The call for abstracts for Primary Health Care Research Day is now closed
Abstracts for poster and oral presentations may be submitted until 11:59 pm ADT on April 26, 2019 (deadline extended; updated April 17). Primary Health Care Research Day will be held on June 17, 2019 at the Collaborative Health Education Building (CHEB) on the Dalhousie University Campus in Halifax, NS.
Patients, students, medical residents, health care providers, faculty, researchers, knowledge users and the primary health care (PHC) research community are invited to share their finished, ongoing, and upcoming research and quality improvement initiatives. Posters and oral presentations provide an excellent opportunity to highlight PHC projects being conducted in Nova Scotia and provide a forum to share the cross-provincial collaborative work taking place between Maritime and other SPOR PIHCI networks. The event also provides the chance to meet, share work, make connections, and build relationships.
The theme of this year’s Primary Health Care Research Day is “Using what we know: Implementing research into practice and policy”. Although abstracts are not required to be an implementation study, a statement about implications of the work for policy and/or practice and/or how the work might influence future implementation is suggested. All poster and oral presentations are required to focus on PHC and/or highlight how the work is integrated with PHC.
Patient engagement and participation
If your project has a patient engagement component, we encourage you to highlight this. We also encourage patient participation in Primary Health Care Research Day as presenters or co-presenters.
Abstracts from patients and citizens are encouraged. If you are a patient or a citizen and have an idea for a poster or a presentation but aren’t sure how to get started, please get in touch with Beverley Lawson at bev.lawson@dal.ca. There may be some support available for printing costs for patient and citizen posters, if the work isn’t already associated with research funding.
Student Poster Award
As in the past, BRIC NS will be offering a financial award for the best student poster. When submitting a poster abstract, students are asked to indicate whether they wish to be considered for this award. To be eligible, the abstract must be accepted by the Primary Health Care Research Day Program Committee. Applicants must be currently enrolled in a degree program at a Nova Scotia university or community college. Applicants must be first author on posters. Applicants must present their own work and not that of an advisor.

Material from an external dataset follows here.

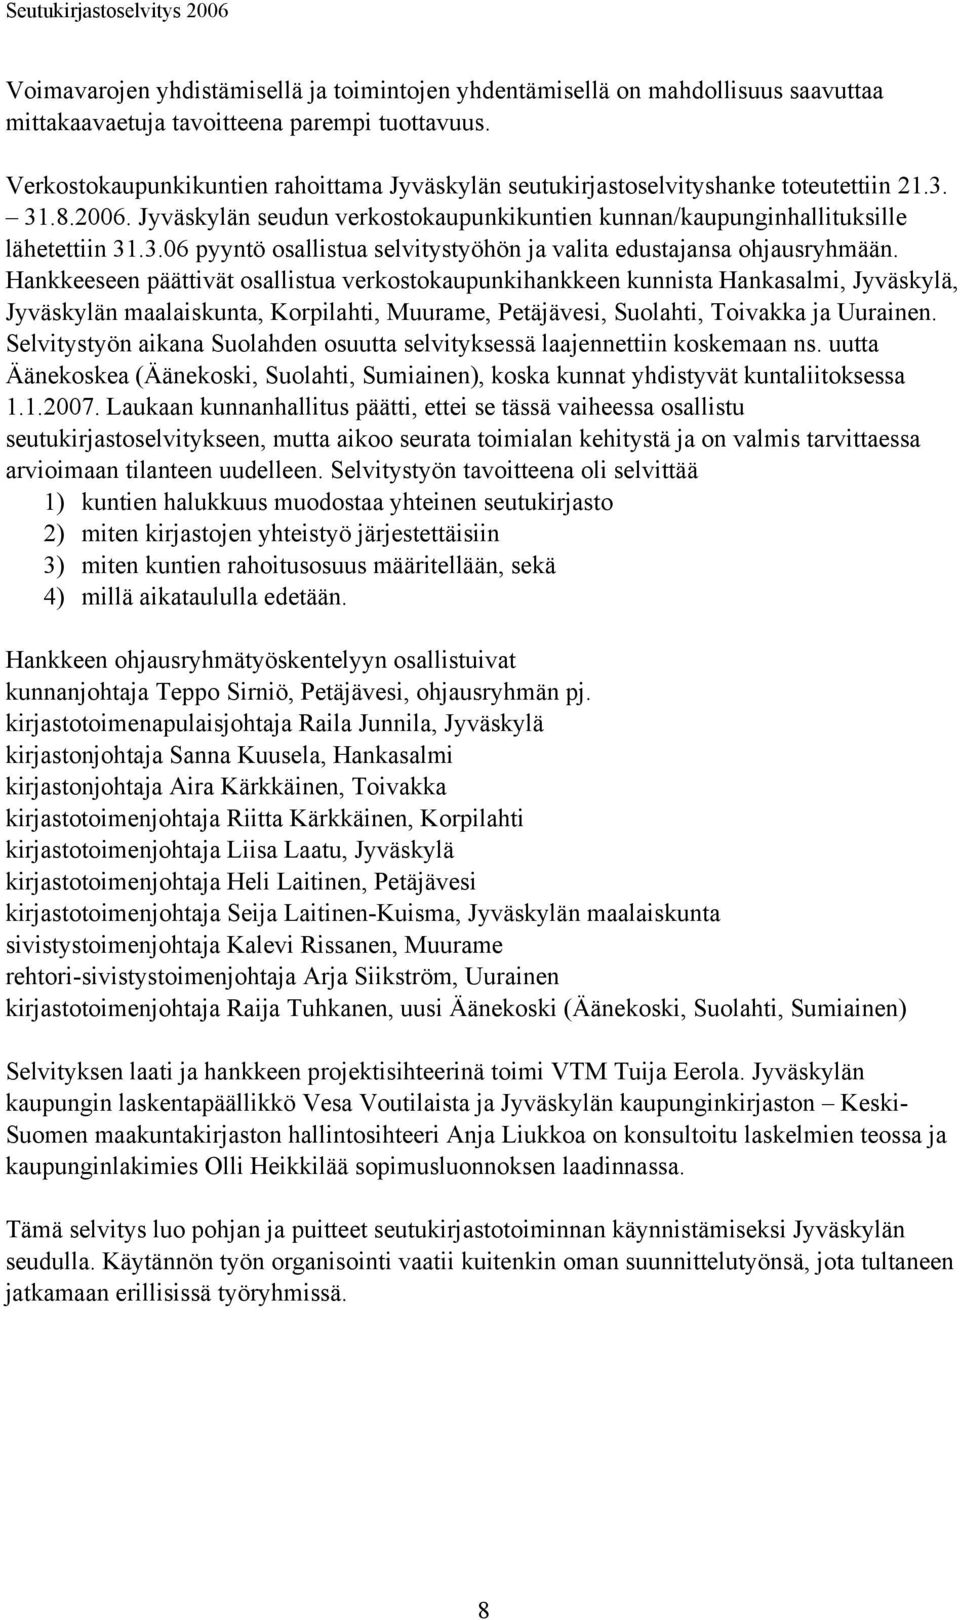 Hankkeeseen päättivät osallistua verkostokaupunkihankkeen kunnista Hankasalmi, Jyväskylä, Jyväskylän maalaiskunta, Korpilahti, Muurame, Petäjävesi, Suolahti, Toivakka ja Uurainen.

Read about the 2018 & 2017 winners.
Requirements
Existing posters may be reused and presentations given at other events/conferences are allowed with the condition that a statement(s) of how the work is PHC focused or addresses PHC needs is added. Presentations will be a maximum of 10 minutes, plus time for questions.
Abstracts may be up to 300 words, and should include the following sections:
- introduction
- purpose
- methods
- results
- implications for policy and/or practice
Please provide 2-3 key words to aid our grouping of posters/oral presentations under similar topic areas.
You must include a maximum of 4 sentences about how this research or quality improvement initiative is relevant to primary health care. If you indicate that the project has a patient engagement component, you will be asked to describe that engagement (maximum 4 sentences).
The planning committee encourages the use of plain language in abstracts, as well as on posters and in presentations. A guide to plain language can be found here.
A working group of the planning committee will review all abstracts. Acceptance will be based on overall relevance to PHC in Nova Scotia and across Canada.